Zanzibar Malaria Elimination Program

The Tanzania Capacity and Communication Project (TCCP) provided ongoing technical assistance to the Zanzibar Malaria Elimination Program (ZAMEP) from October 2013 through the second quarter of 2016. TCCP provided support to ZAMEP in three key ways:

  1. The implementation of a study on the characteristics of malaria hotspots.
  2. The development of continuous distribution implementation guidelines.
  3. The creation, production, and distribution of social and behavior change communication (SBCC) materials.

Hot Spot Characterization Study

Thirty areas in Zanzibar are characterized as “hot spots” because they experience routine malaria outbreaks. In order to better understand the characteristics of these hot spots, TCCP supported ZAMEP in the design, implementation, and analysis of a study on three key factors:

  • Knowledge, attitudes, and practices (KAP) related to malaria within these communities.
  • Comprehensive entomological and environmental investigations.
  • Screening of households for malaria using sensitive diagnostic techniques.

The study aimed to characterize the human behavior, intervention coverage and usage, and environmental and entomological factors within these hot spot areas in order to determine whether hot spots are in some way different from non-hot spots where large numbers of clinical cases are not seen. TCCP supported ZAMEP in investigating KAP specifically related to bed net use and treatment seeking for fever, recall of ZAMEP’s SBCC campaigns, and the effectiveness of these campaigns in targeting key behavioral determinants. The results of this study served as the baseline for ZAMEP’s continuous distribution strategy and fed into the creation of targeted SBCC.

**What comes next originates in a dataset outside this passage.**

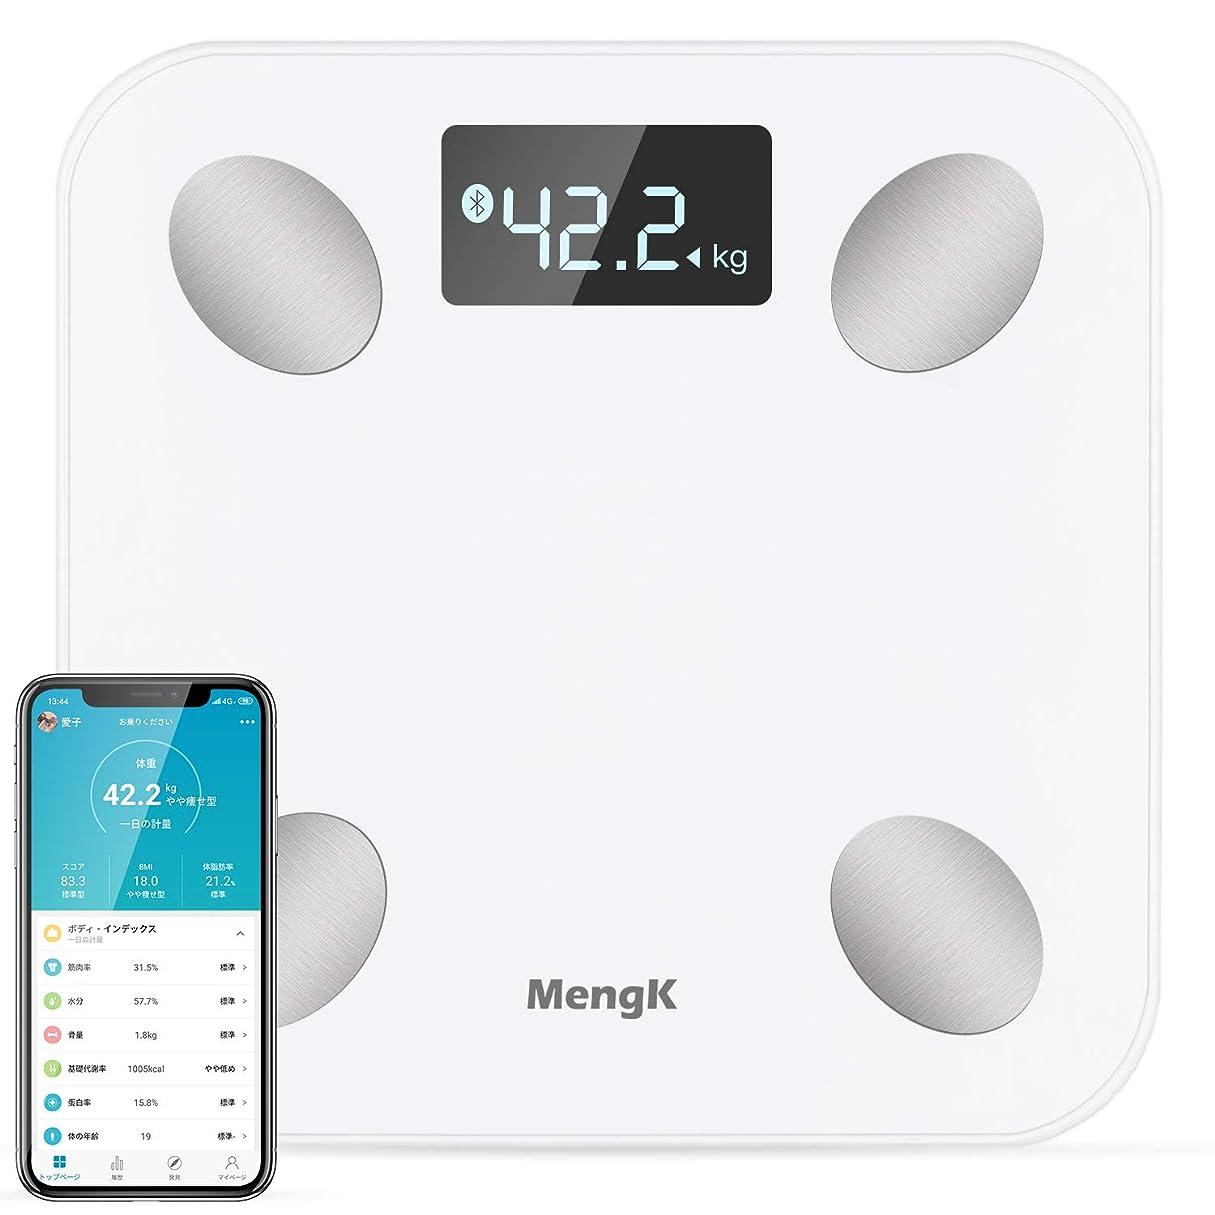 階段狂乱予想する体重計,MENGK bluetooth体脂肪計·体組成計、ヘルスメーター、体重計、体脂肪計、体重/BMI/体脂肪率/筋肉率/水分/骨量/基礎代謝率/蛋白率など測定ができる
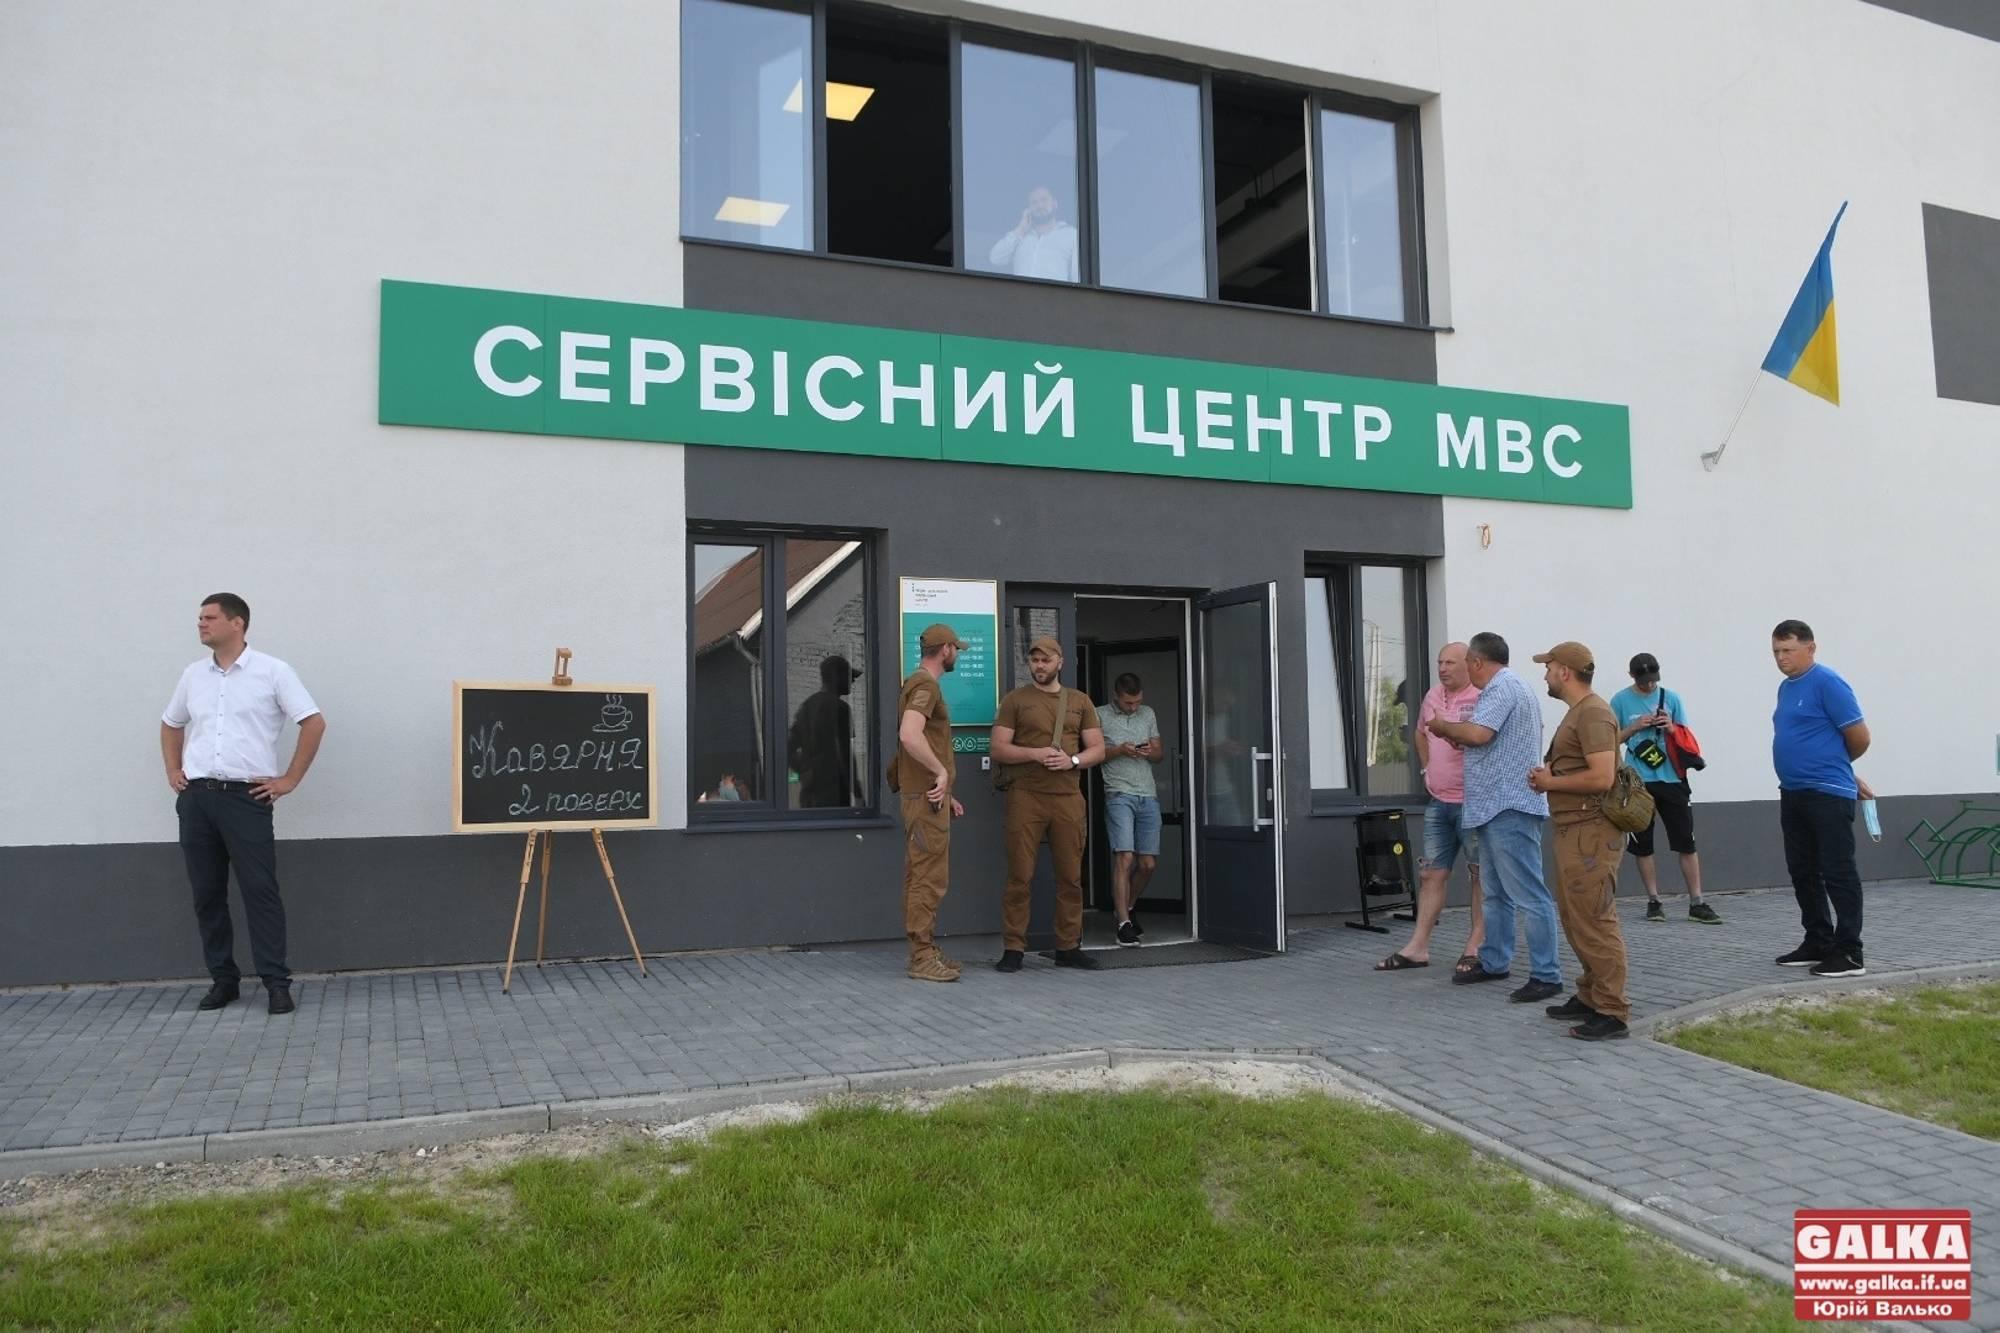 Всі послуги в одному місці: у Франківську Сервісний центр МВС переїхав в інвестпарк

Continuous Distribution and Implementation Guidelines, Supporting Materials, and Monitoring & Evaluation

TCCP collaborated with other Johns Hopkins Center for Communication Programs (CCP) malaria experts to guide ZAMEP through the process of developing continuous distribution and implementation guidelines for long lasting insecticide treated nets (LLINS). Strategic planning exercises allowed ZAMEP and TCCP to gather the needed information to create the guidelines and tools for use during continuous distribution, including a training manual, planning tools for routine use, reporting forms, other data capture tools, and a PowerPoint presentation for advocacy purposes.

Once ZAMEP began to implement continuous distribution, TCCP supported the initiative’s monitoring efforts. TCCP conducted supportive supervision visits to health facilities where issues such as data compilation and adherence to standard operating procedures were identified and resolved.

To determine the success of the continuous distribution strategy, TCCP worked with the President’s Malaria Initiative to support ZAMEP in implementing an evaluation and incorporating the results of that evaluation into re-planning.

Creation of SBCC Materials

TCCP supported ZAMEP in the creation of SBCC materials to support malaria control on Zanzibar. These materials were informed by the characterization study and designed to strategically support ZAMEP’s continuous distribution strategy. More specifically, ZAMEP aimed to target imported cases of malaria from Zanzibar’s sea and air entry and exit points, and address the threat posed during the peak malaria transmission period that usually occurs immediately after a rainy period has stopped.

ZAMEP and TCCP developed four radio and television segments that were aired on national radio and television. Additionally, TCCP developed a “traveler’s guide,” two posters, a billboard, and two television animations to support the campaign. Campaign media will be strategically placed near ports of entry, and aired on ferries and at airports.